WHAT DRIVES FAULT SYSTEM REORGANIZATION?

Laboratory and numerical experiments representing deformation over many earthquake cycles demonstrate that fault evolution includes episodes of fault reorganization that optimize work on the fault system. Consequently, the efficiencies of fault systems do not increase monotonically through their evolution and slip rates and seismic moment rates are not constant. New fault configurations can optimize the external work required to accommodate deformation, suggesting that changes in system efficiency can drive fault reorganization. Laboratory evidence and numerical results show that fault reorganization within accretion, strike-slip and oblique convergent systems is associated with increasing efficiency due to increased fault slip (frictional work and seismic energy) and commensurate decreased off-fault deformation (internal work and work against gravity).

Between episodes of fault reorganization, fault systems may become less efficient as they produce increasing off fault deformation. For example, laboratory and numerical experiments show that the interference and interaction between different fault segments may increase local internal work of a fault system. This accumulation of work triggers fault reorganization as stored work provides the energy required to grow new faults that reorganize the system to a more efficient configuration.

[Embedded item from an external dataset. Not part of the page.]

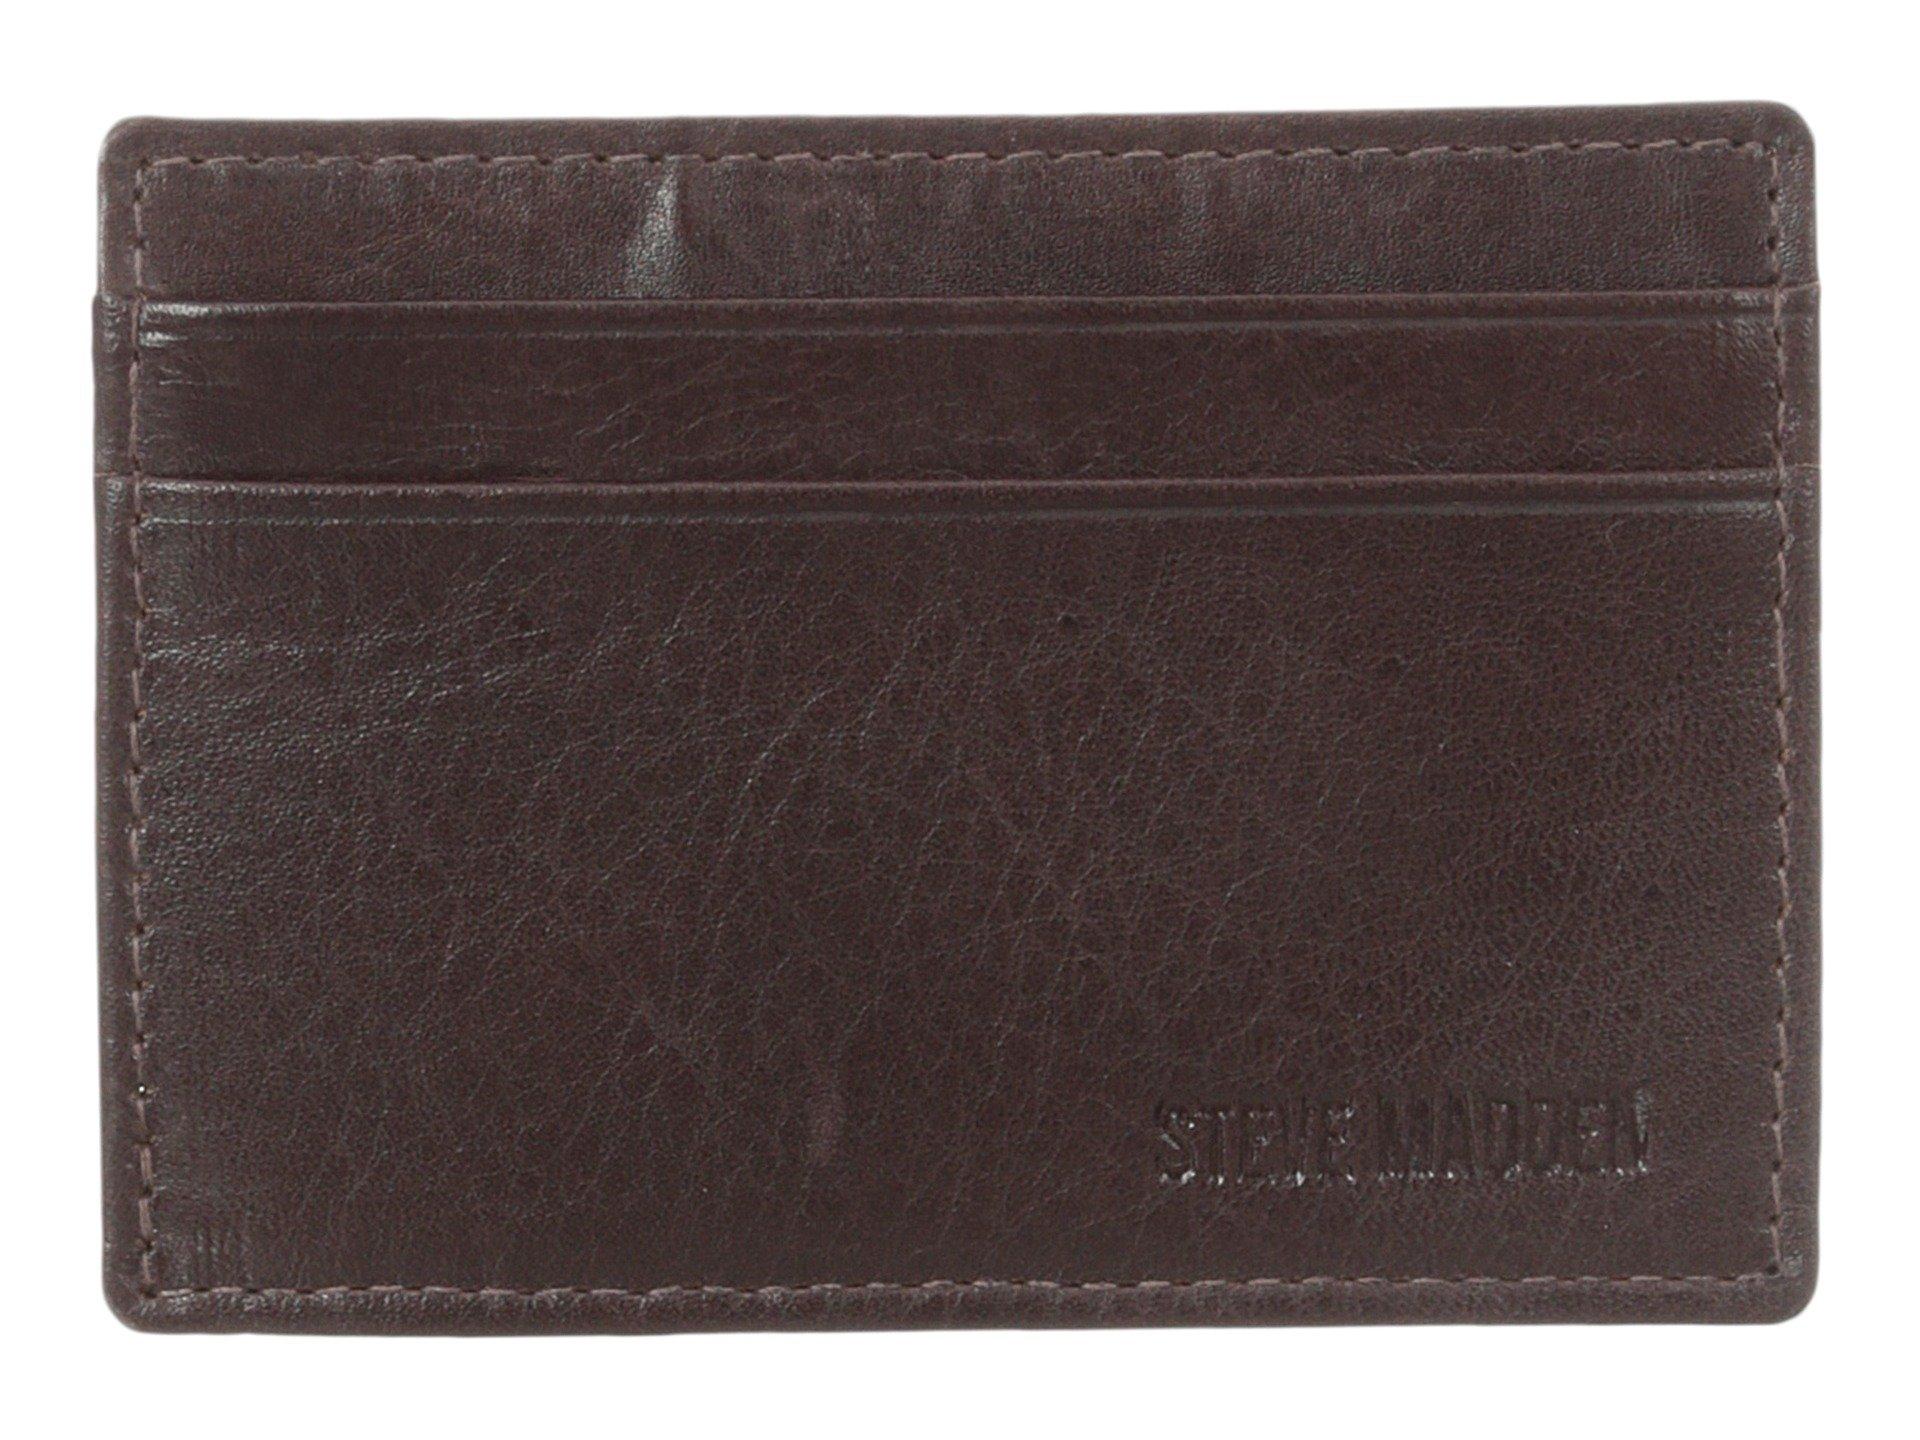 Monedero para Hombre Steve Madden Mealu Leather Card Carrier  + Steve Madden en VeoyCompro.net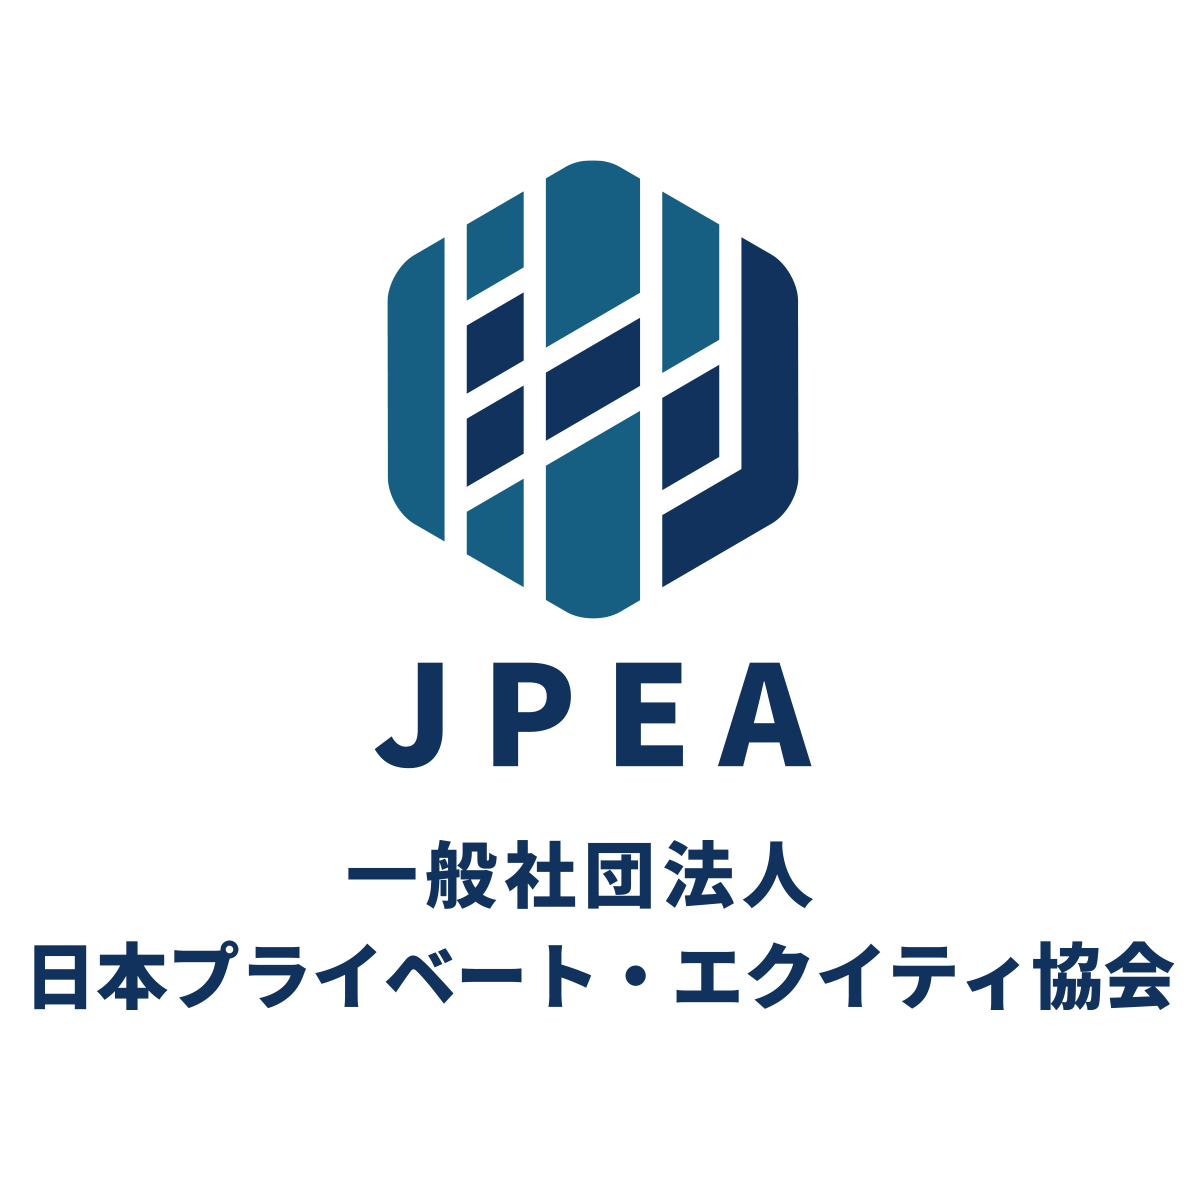 JPEA 一般社団法人日本プライベート・エクイティ協会

The results of laboratory and numerical experiments reveal that we should expect crustal fault systems to reorganize following periods of increasing inefficiency, even in the absence of changes to the tectonic regime. In other words, fault reorganization doesn’t require a change in tectonic loading. The time frame of fault reorganization depends on fault system configuration, strain rate and processes that relax stresses within the crust. For example, stress relaxation may keep pace with stress accumulation, which would limit the increase in the internal work and gravitational work so that irregularities can persist along active fault systems without reorganization of the fault system. Consequently, steady state behavior, for example with constant fault slip rates, may arise either in systems with high degree of stress-relaxation or occur only within the intervals between episodes of fault reorganization.